Chevron warned in early October that its earnings in the third quarter would be lower sequentially due to “significantly lower” downstream earnings. Refining margins did in fact get the blame today, with U.S. refining earnings down from $456 million in the year-ago quarter to $249 million. For the first nine months of 2013, downstream earnings are off by more than two-thirds.
U.S. upstream earnings fell $96 million year-over-year, from $1.12 billion to $1.03 billion, as higher realized prices for oil and natural gas were more than offset by higher depreciation, exploration and operating expenses.

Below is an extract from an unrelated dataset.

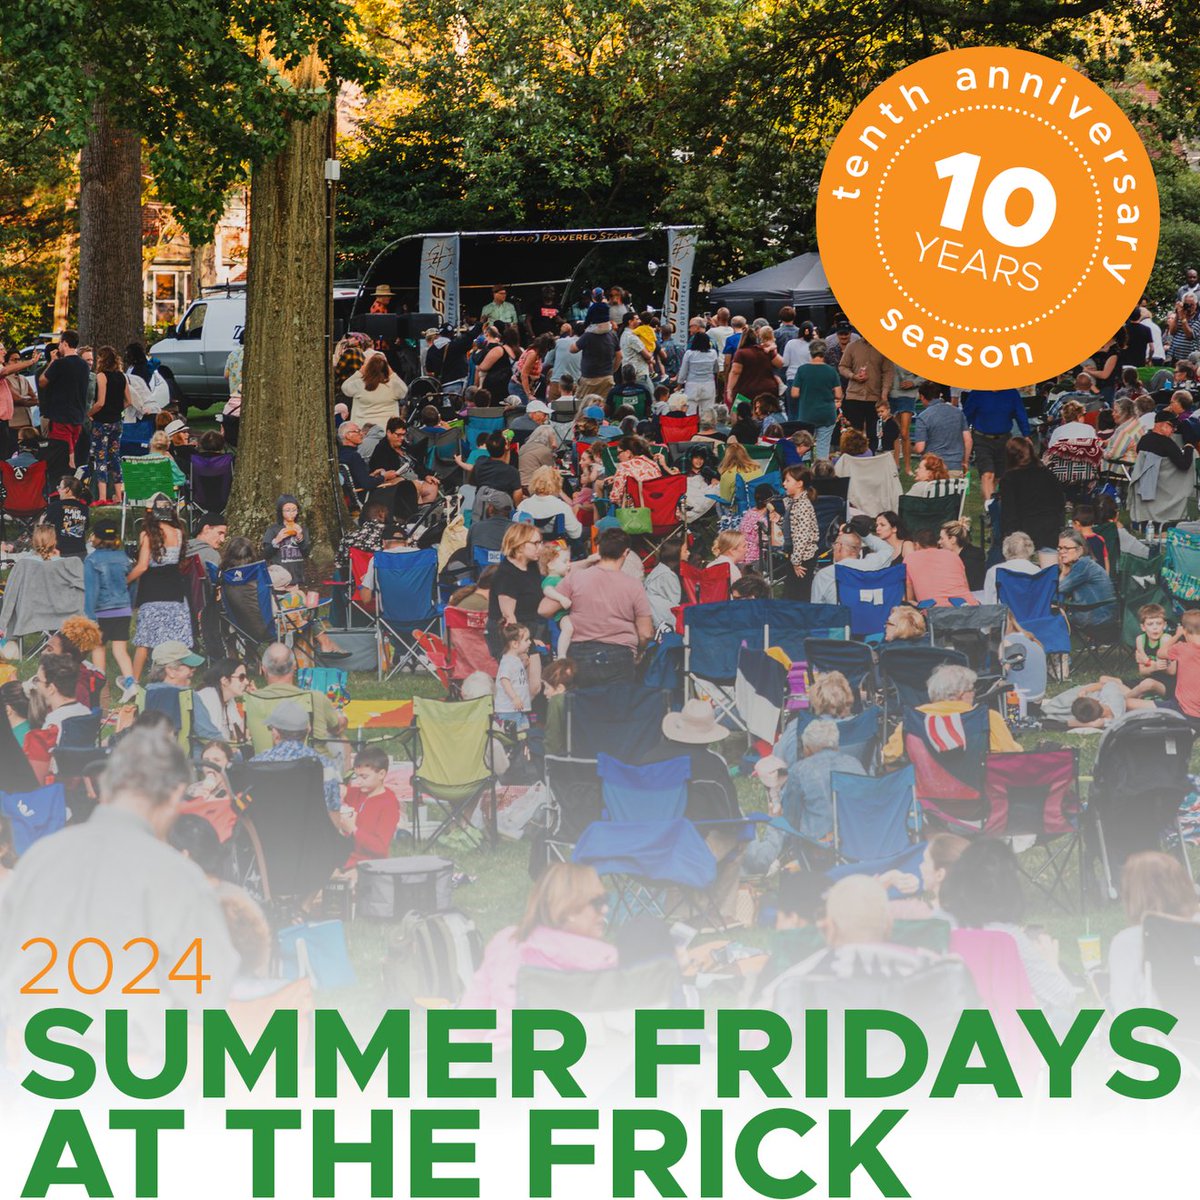 Celebrate 10 years of Summer Fridays at the Frick, and 30 years of music on our lawns during our 2024 Summer Fridays season. You won’t want to miss this year’s extraordinary lineup!

Throughput at U.S. refineries rose by 52,000 barrels a day, and it fell by 24,000 barrels a day at international refineries. Sales of refined products rose by 12,000 barrels a day in the United States and were essentially flat internationally.
The company’s CEO said:
We continue to make good progress on our major capital projects. Construction continues, and important milestones are being reached, on our Gorgon and Wheatstone LNG projects in Australia. Important interim construction goals have been recently reached for our Jack/St. Malo and Big Foot deepwater projects in the Gulf of Mexico, in preparation for their project start-ups scheduled for late 2014. We are also moving forward on the development of our liquids-rich unconventional properties in the United States.
The earnings announcement did not include guidance, but the consensus estimate for the fourth quarter calls for EPS of $3.03 on revenues of $63.78 billion. For the full year, EPS and revenues are estimated at $11.76 and $234.85 billion, respectively.
Chevron shares were down about 0.6% in premarket trading, at $119.23 in a 52-week range of $100.66 to $127.83. Thomson Reuters had a consensus analyst price target of around $132.60 before this report.